BEGIN GIVEN RECORDS

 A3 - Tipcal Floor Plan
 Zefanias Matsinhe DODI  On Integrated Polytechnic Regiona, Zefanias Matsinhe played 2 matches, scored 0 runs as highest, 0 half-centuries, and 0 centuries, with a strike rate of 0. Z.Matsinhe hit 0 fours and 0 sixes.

END GIVEN RECORDS
BEGIN GIVEN RECORDS

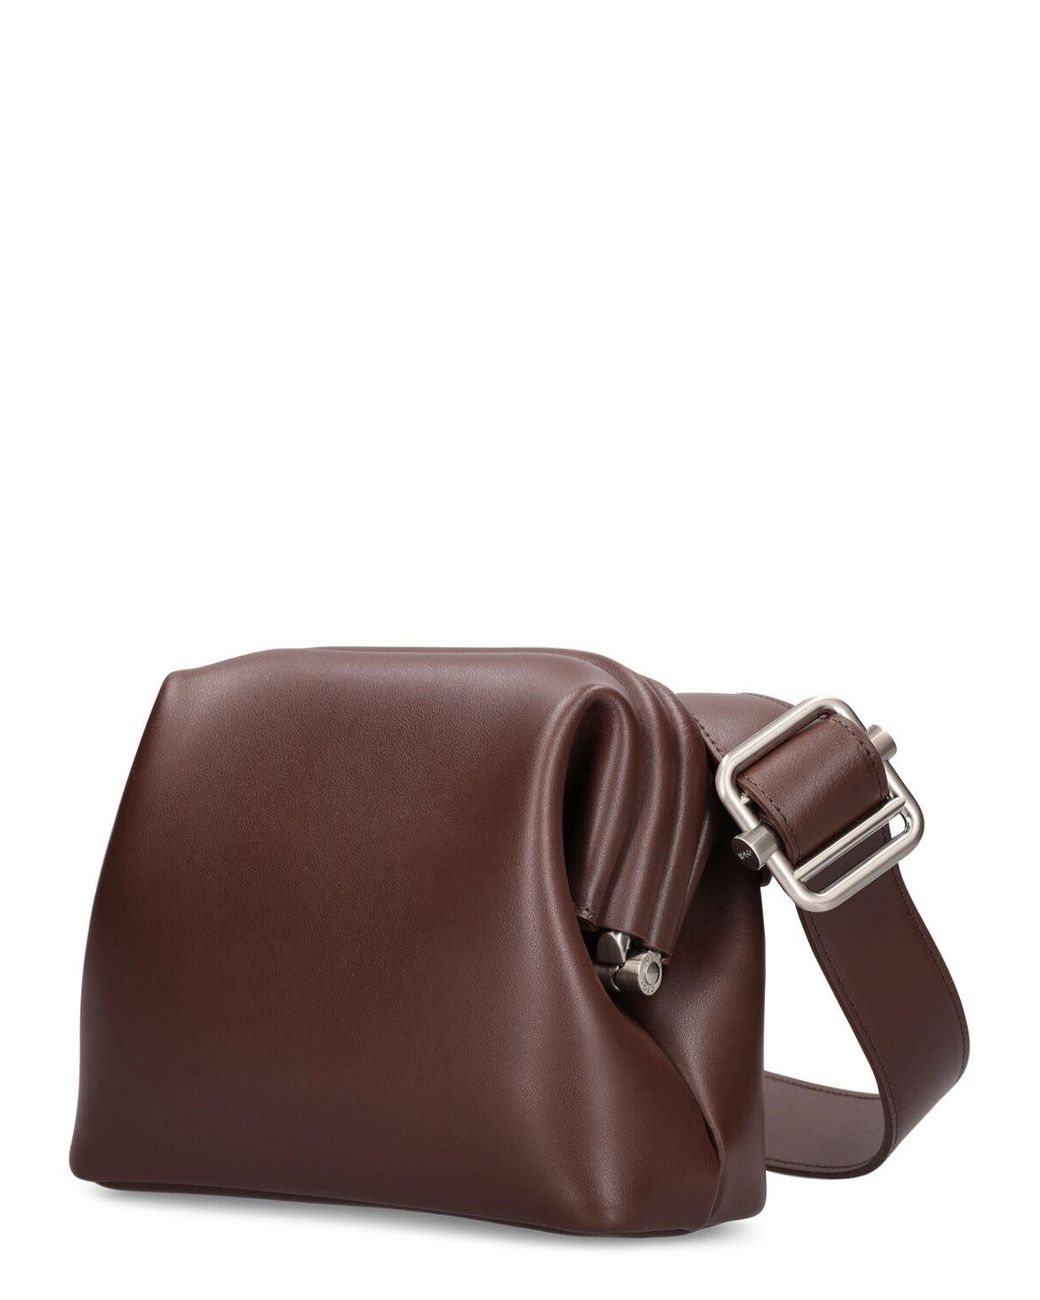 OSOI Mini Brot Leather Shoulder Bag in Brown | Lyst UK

END GIVEN RECORDS
BEGIN GIVEN RECORDS

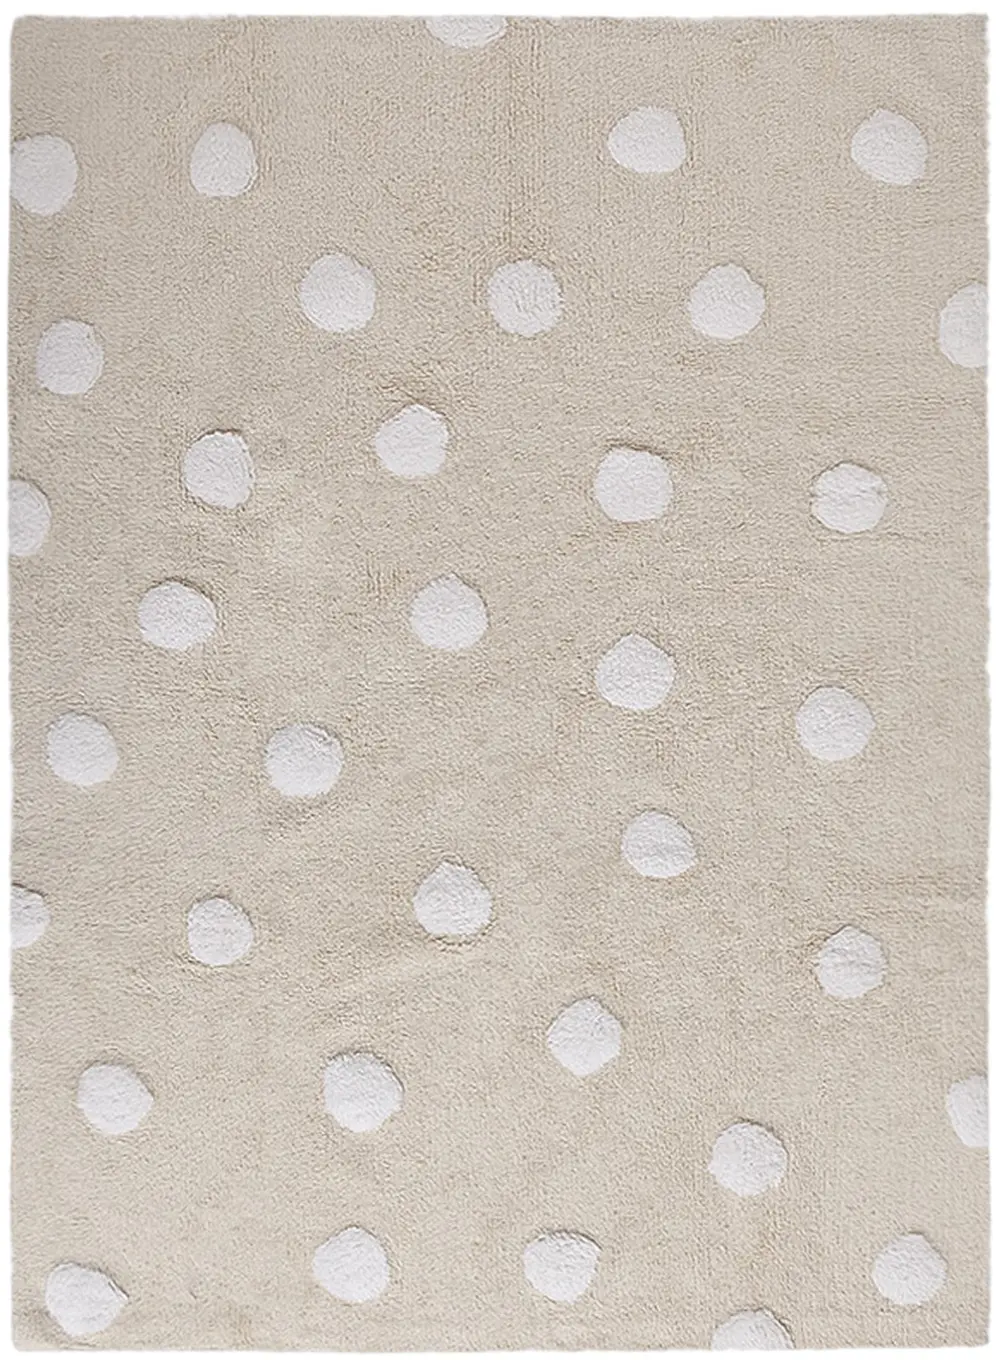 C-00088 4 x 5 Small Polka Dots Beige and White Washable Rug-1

END GIVEN RECORDS

Your reply is to repeat, unchanged, the lines above running from the one with "A3 - Tipcal Floor Plan" up to and including the one with "Zefanias Matsinhe DODI".

# [SOLUTION FOR THIS TASK]
 A3 - Tipcal Floor Plan
 Zefanias Matsinhe DODI  On Integrated Polytechnic Regiona, Zefanias Matsinhe played 2 matches, scored 0 runs as highest, 0 half-centuries, and 0 centuries, with a strike rate of 0. Z.Matsinhe hit 0 fours and 0 sixes.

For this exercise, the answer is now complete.